В Генри Торо было мало от Гермеса, но это немногое он получил от дяди по материнской линии, Чарльза Данбара, и от него же он получил свою неконвенциональность, свою тягу к странствиям, самообладание, равновесие и решимость. Дядя Чарльз питал пренебрежение к заботе о завтрашнем дне, которое граничило с презрением, и племянник Генри унаследовал его. Откуда он взял свою самодостаточность, свое безразличие к человеку и его комфорту, свою любовную дизестезию, мы до сих пор не осведомлены.

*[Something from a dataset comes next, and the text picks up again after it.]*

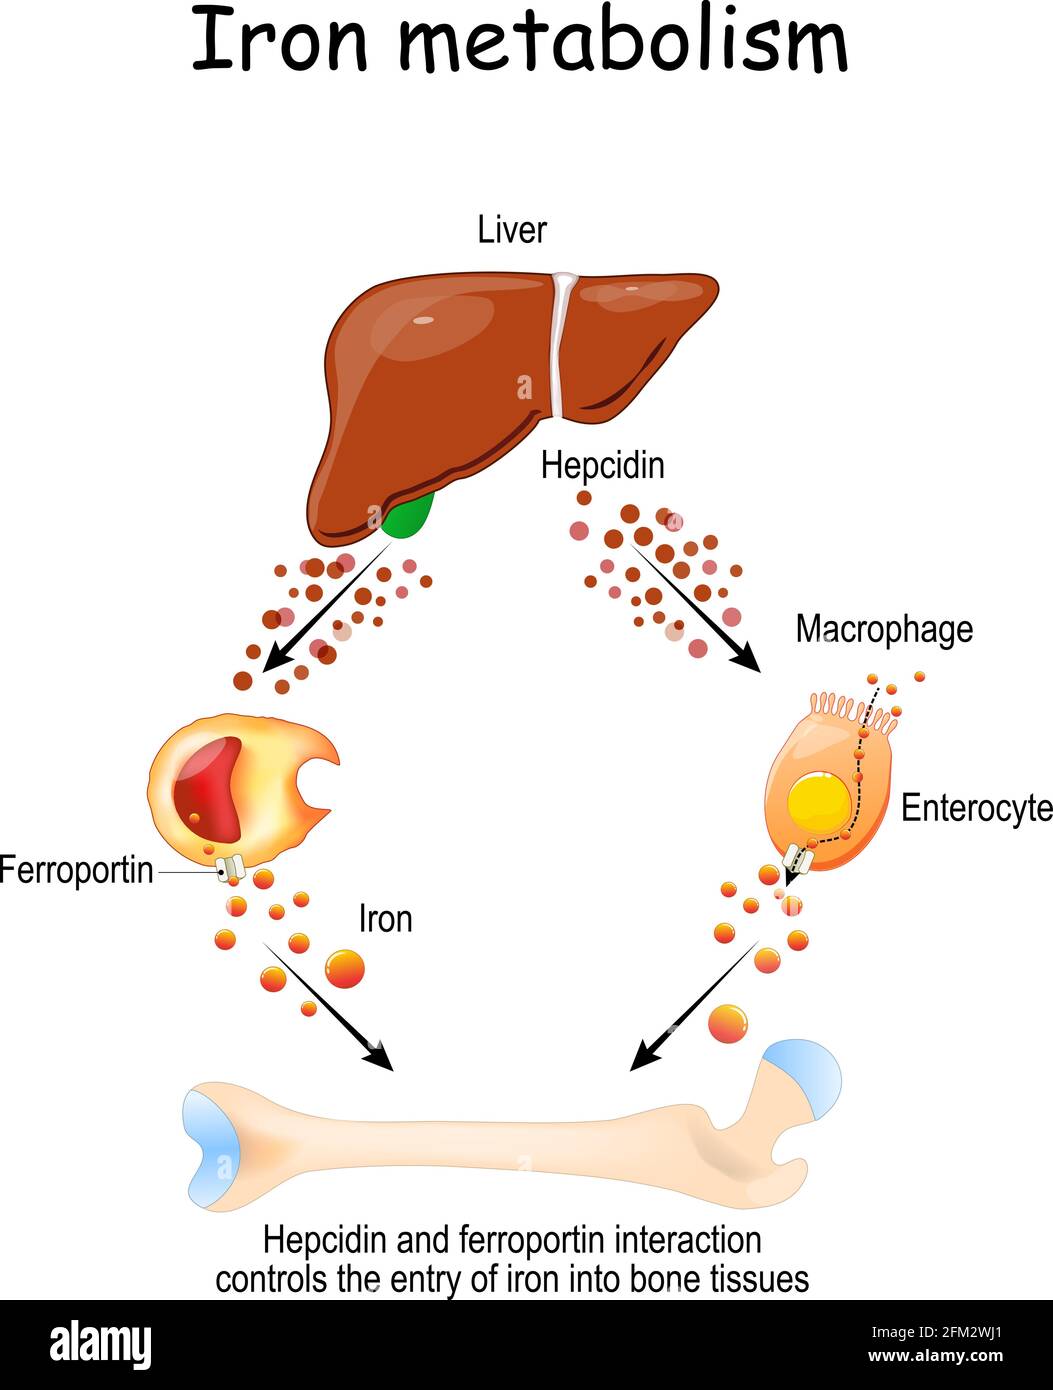 L'Hepcidin e la ferroportina dal fegato al macrofago e all'enterocita controllano l'ingresso del ferro nei tessuti ossei. Illustrazione Vettoriale

Ни один биограф никогда не находил много материала для своего пера в годы формирования Торо. М. Базальетт был не более успешен, чем его предшественники. Самое характерное побуждение Торо: любовь к природе, и самая заметная черта его личности: самодостаточность, проявились рано в жизни и сопровождали его до дня смерти, и это все, что можно сказать. Ни в школе, ни в колледже его поведение не предполагало учености или антиномизма, но по окончании Гарварда его выпускная речь, в которой он развернул свою карту жизни, предполагала и то, и другое. Его слушатели восприняли, но не поняли, что у будущего странствующего землемера были другие занятия, кроме экзаменов в Гарварде. Для него «этот любопытный мир, в котором мы обитаем, более чудесен, чем удобен; более прекрасен, чем полезен; им скорее следует восхищаться и наслаждаться, чем использовать. Порядок вещей должен быть несколько изменен: седьмой день должен быть днем труда человека, когда он зарабатывает на жизнь в поте лица своего, а остальные шесть — его субботой чувств и души». Отличительная черта параноика в том, что он рассуждает логично, часто остро, но его предпосылки всегда неверны. Можно было бы поспорить, что мир — самое подходящее место, которое мы знаем, что его полезность подтверждается ртами, которые он кормит, что те, кого он поддерживает, не ушли бы очень далеко, если бы заменили восхищение им его использованием.
Радикализм, который медленно прорастал в колледже, быстро расцвел дома. Он беспокоил его семью и раздражал горожан, но вода на спине утки была бунтом по сравнению с ощущениями, которые их беспокойство и раздражение вызывали в нем. Если бы он имел привычку призывать сверхъестественную помощь, он, вероятно, сказал бы: «Боже, помоги мне, я не могу иначе». Курс колледжа почти столетие назад должен был подготовить к профессии, но Генри Торо не проявил никаких признаков того, что он подготовил его. Он начал преподавать в государственной школе, но его идеи и поведение были оскорбительны для родителей и налогоплательщиков, поэтому он открыл свою собственную школу и начал проявлять пристальное внимание к своему единственному доверенному лицу — своему дневнику; и он построил лодку. В ней он и его брат Джон отправились из Конкорда, штат Массачусетс, в Конкорд, Нью-Гэмпшир. Описание этой поездки — единственная утомительная часть книги М. Базальетта. Это тем более удивительно для того, кто читал «Неделю» в своем детстве, был очарован ею и читал части ее много раз с тех пор.